DATA EXTRACT below:
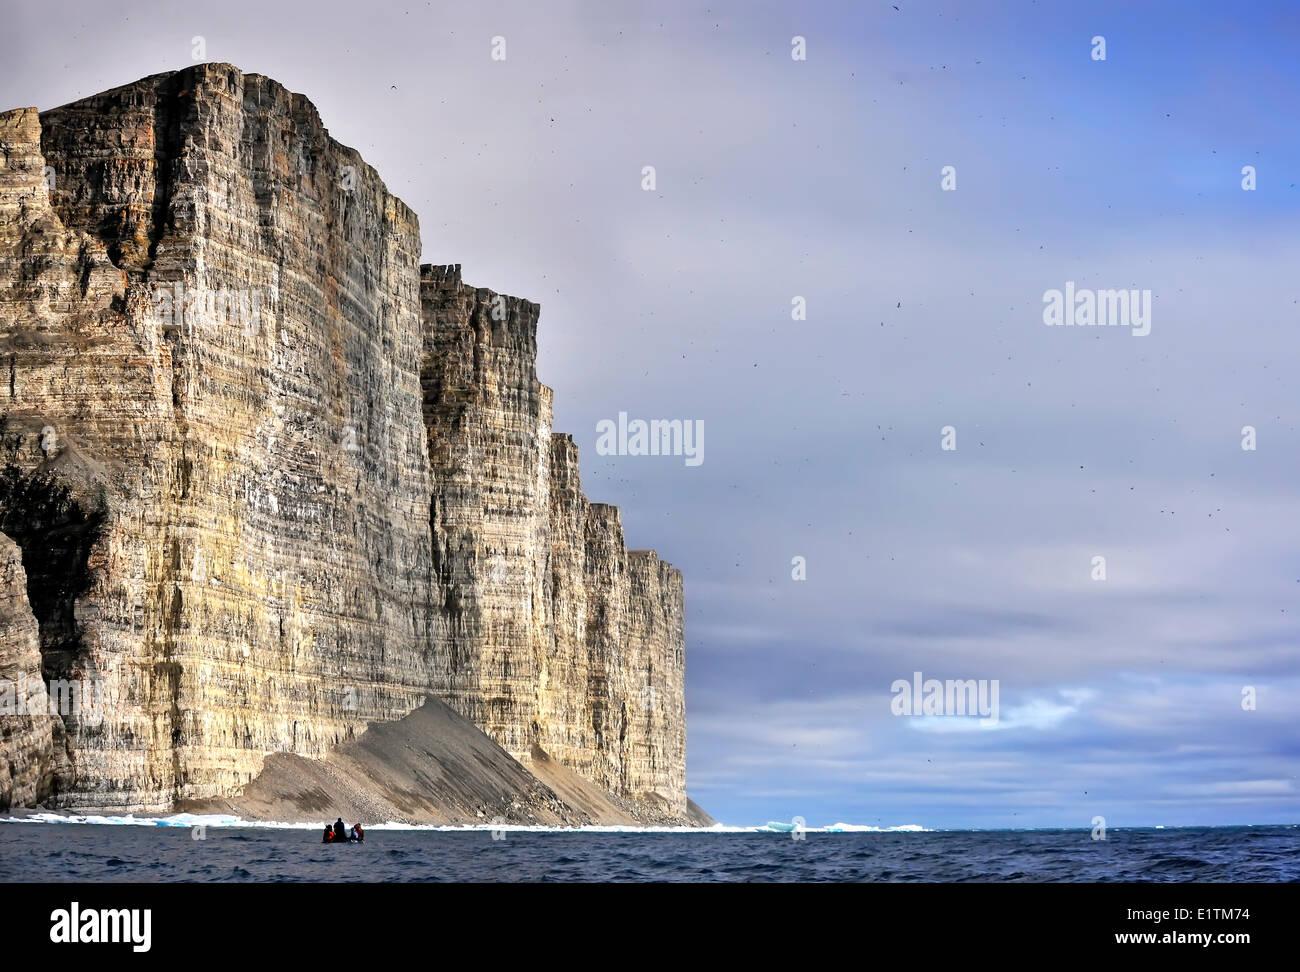 tourists-in-zodiac-prince-leopold-island
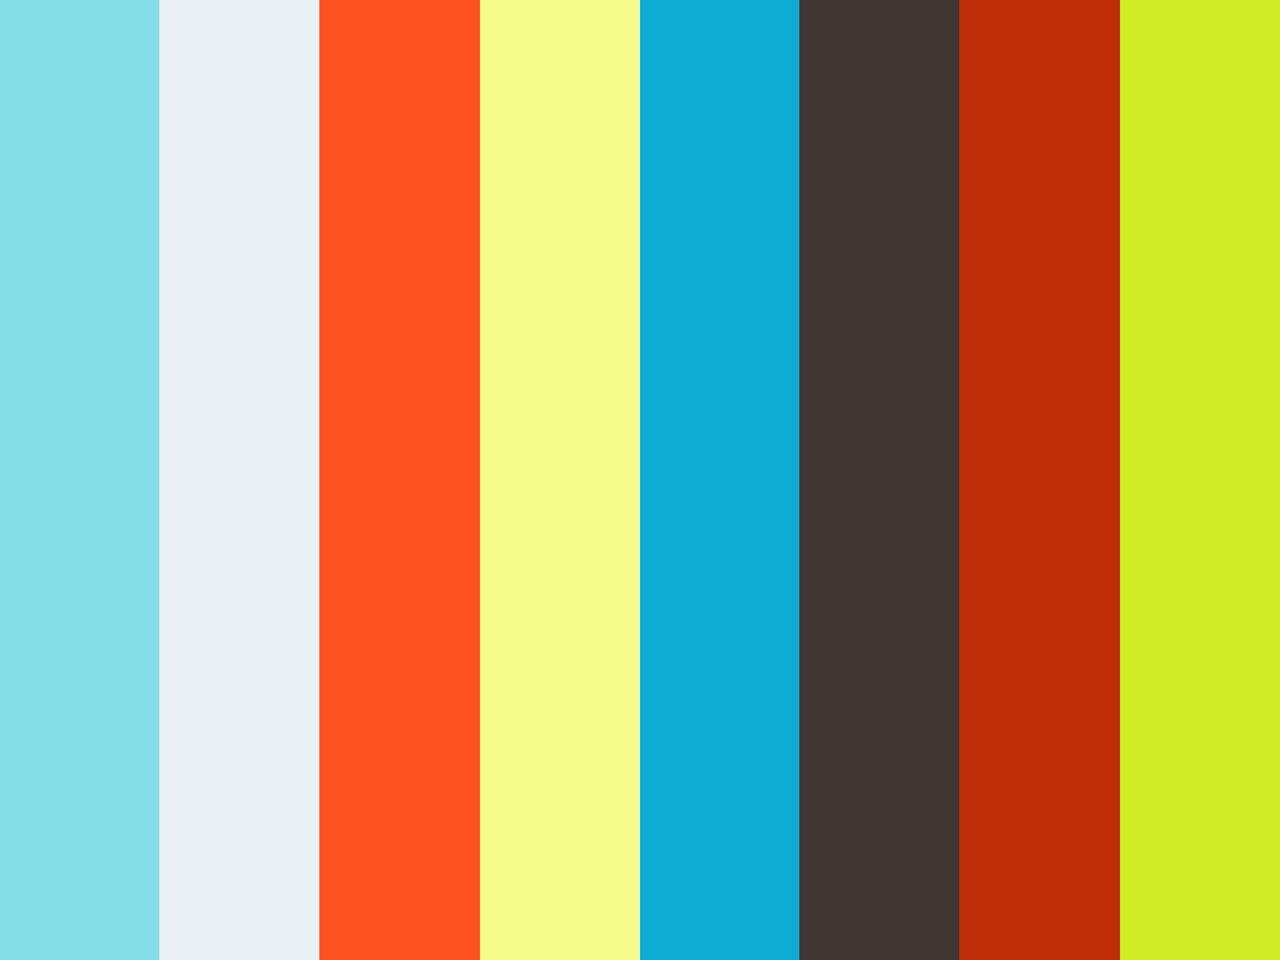 Blaesbjerg.com til kaffen - Brug GIF i dine nyhedsbreve, skab liv
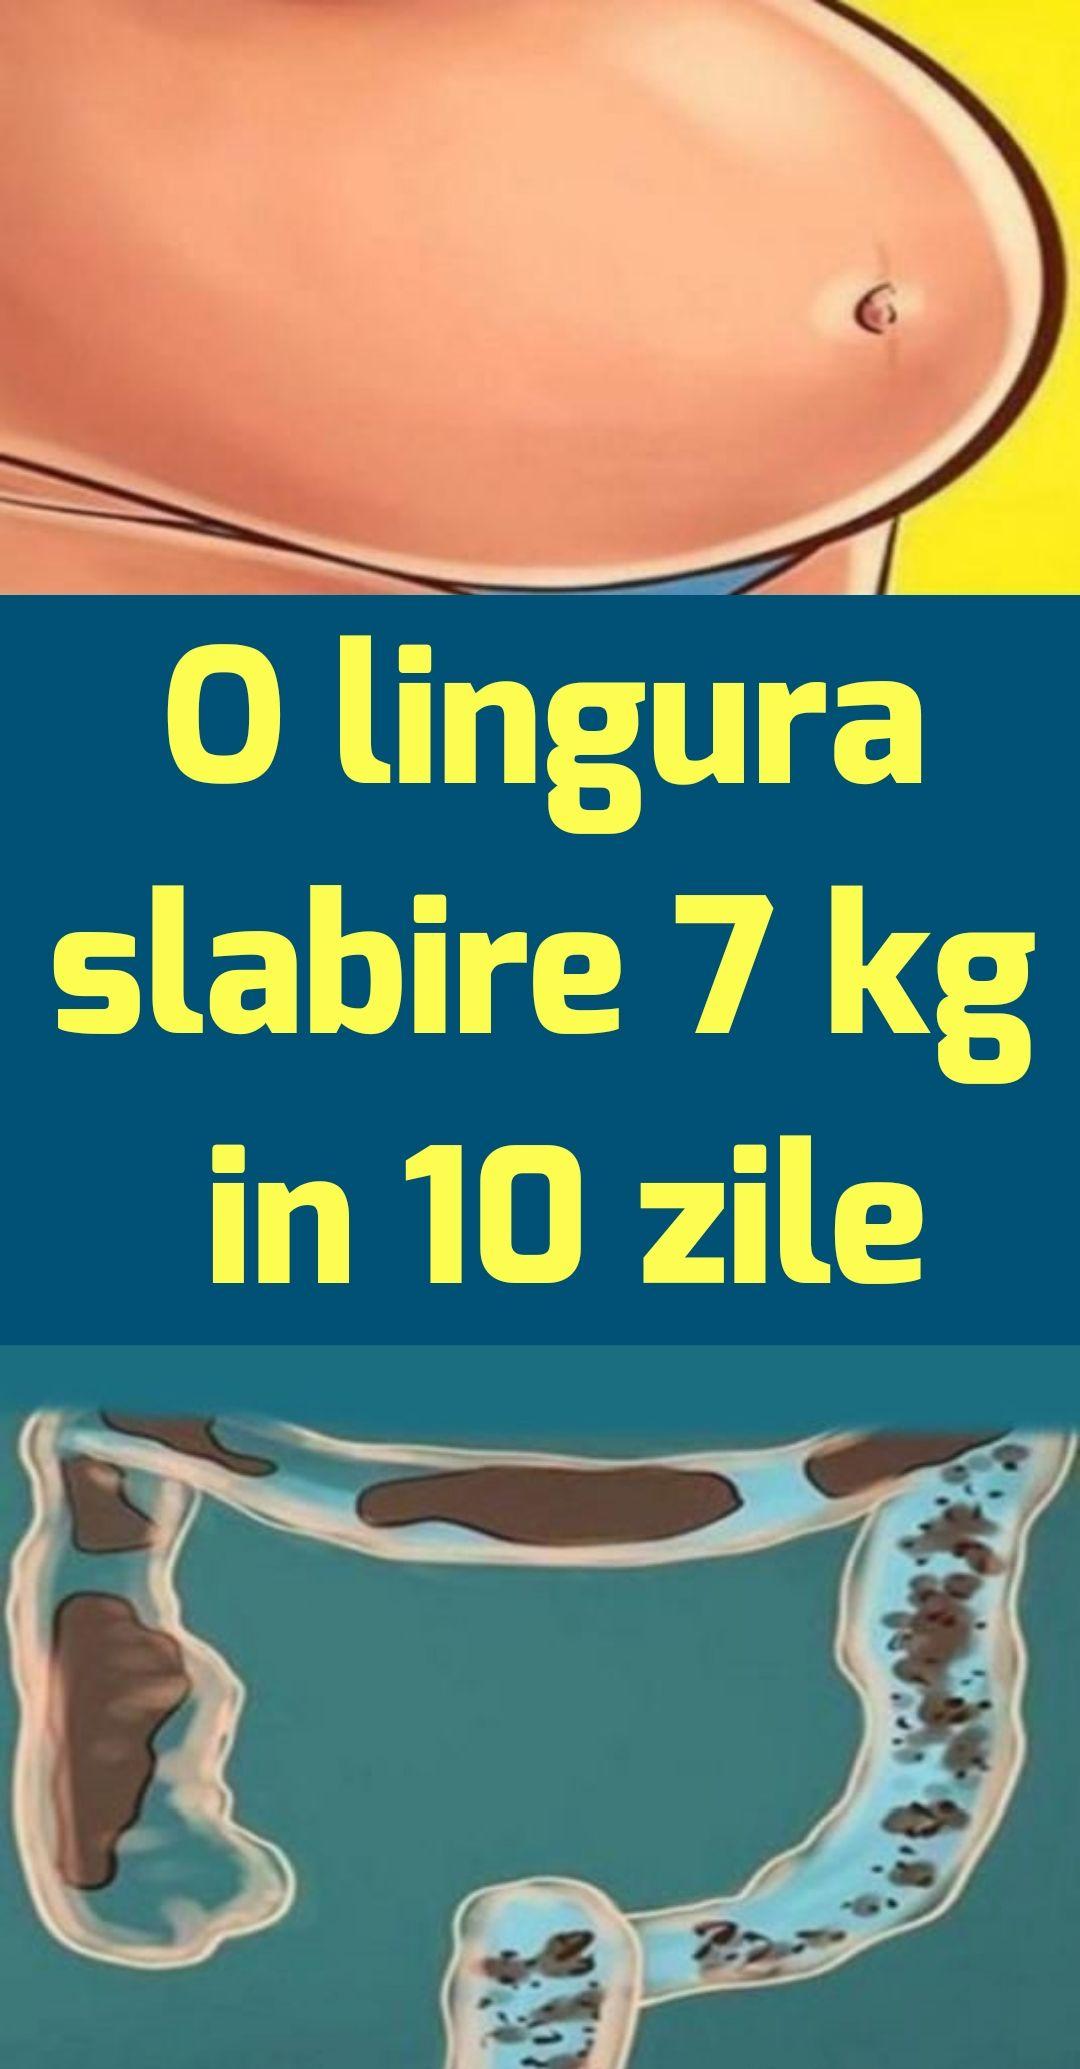 nicio pierdere în greutate
End of DATA EXTRACT.
- ASSIGNED TASK
Excluding the pictures, retype the line containing "Blaesbjerg.com til kaffen" and all lines after it down to the end of the data above.

- FINISHED TASK
 Blaesbjerg.com til kaffen - Brug GIF i dine nyhedsbreve, skab liv
 nicio pierdere în greutate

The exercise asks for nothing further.